В Италии не любят новизны, особенно в лице неизвестного артиста, заменяющего или сменяющего любимую публикою знаменитость.
Вся Венеция взволновалась, переполошилась. Все жалели о своей любимице Тадолини, все спрашивали, кто эта дерзновенная, осмеливающаяся посягнуть на одну из лучших ролей репертуара примадонны?
55
Меццо-сопрано (ит.). (Примеч. сост.)
Никто не умел дать ответа… Дебютантка была совершенно неизвестна.
Умы и души заранее вооружились против нее: ей грозила необыкновенная строгость. Но все поехали ее слушать.
Поехал и Лоренцо, не зная — куда деваться с своим волнением и куда уйти от своих воспоминаний.
И вот явилась новая Линда в своем живописном савоярском костюме, и прежде чем она запела, большая половина непрекрасной половины человеческого рода была уже привлечена на ее сторону и предупреждена в ее пользу: так изумительно хороша была синьора Бальбини!
Голубые глаза, светлорусые волосы — редкость высоко ценимая в Италии, чудно стройный стан и ослепительная свежесть пленительного лица — все это произвело такое впечатление, что несколько приветов послышалось в первых креслах и добровещий шепот удовольствия пробежал по рядам.
Красавица запела — и Лоренцо едва не упал с своих кресел: он узнал голос и выражение своей незнакомки! Перед ним была его невидимка-певица, его бес-домино… это прелестное создание, одним своим появлением примирившее с собою взыскательную публику. — Это она! она! Кого он так напрасно искал, кого найти уже почти потерял надежду!
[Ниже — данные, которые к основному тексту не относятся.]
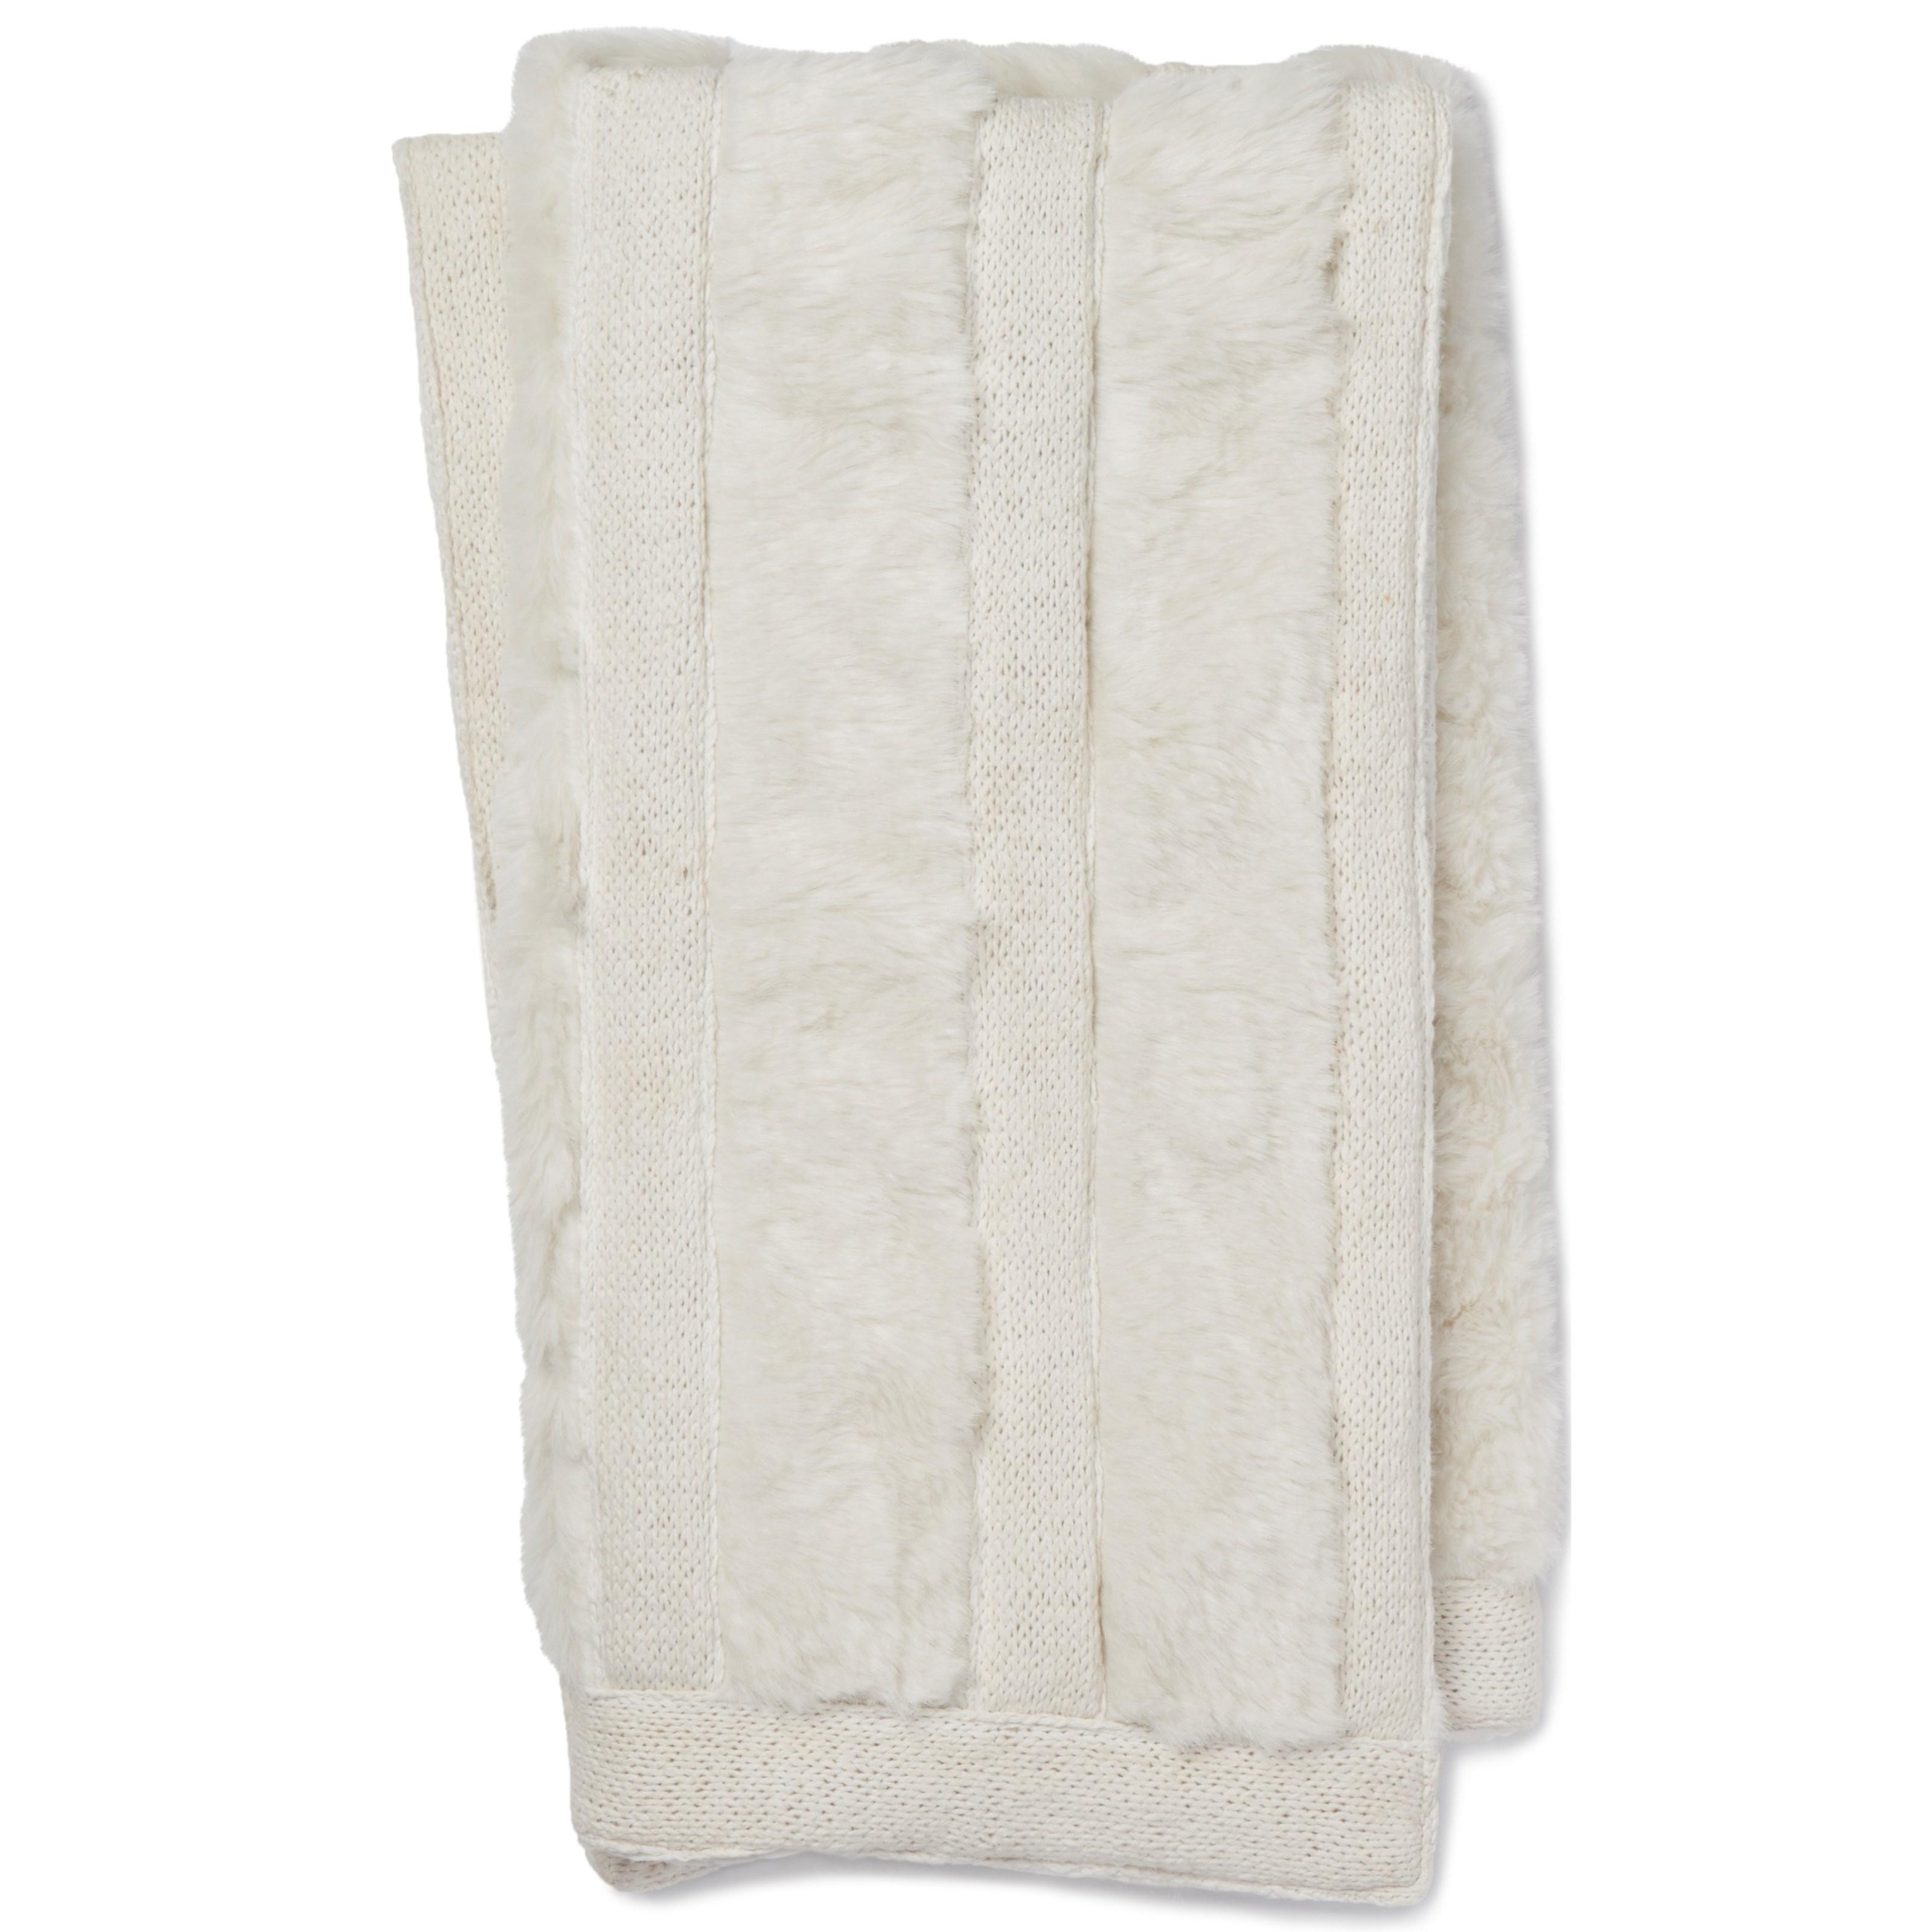 "Neva 4'2"" x 5' White Throw by Loloi Rugs at Virginia Furniture Market"

Но голос и страстность, поразившие его среди тишины уединенной лагуны и при фантастической обстановке ночи, таинственности и начинавшейся любовной драмы, теряли всю свою энергию на сцене, под оглушительным громом оркестра, при блеске оперных ламп. Терезина пропела недурно свою вводную арию, но не удовлетворила требованиям и ожиданиям зрителей, между которыми всякий был и любитель, и знаток.
Ложи и кресла сохранили спокойное достоинство: дебютантка гибла под убийственным приговором молчания. Никто не хотел оскорбить молоденькую красавицу слишком явным знаком неудовольствия, но никто не ободрил ее изъявлением незаслуженного ею участия.
Лоренцо один не замечал, что талант певицы не отвечает ее наружности; он блаженствовал, он пожирал ее жадными взорами, он был весь углублен в радость видеть ее, смотреть на нее.
Первые два акта прошли довольно холодно; публика скучала; после сцены со старым волокитою, смешным маркизом, где дебютантка показала много ловкости и шаловливого кокетства, в задних местах партера раздался было аплодисмент, но встреченный ледяным молчанием большинства, должен был затихнуть и потеряться незамеченным.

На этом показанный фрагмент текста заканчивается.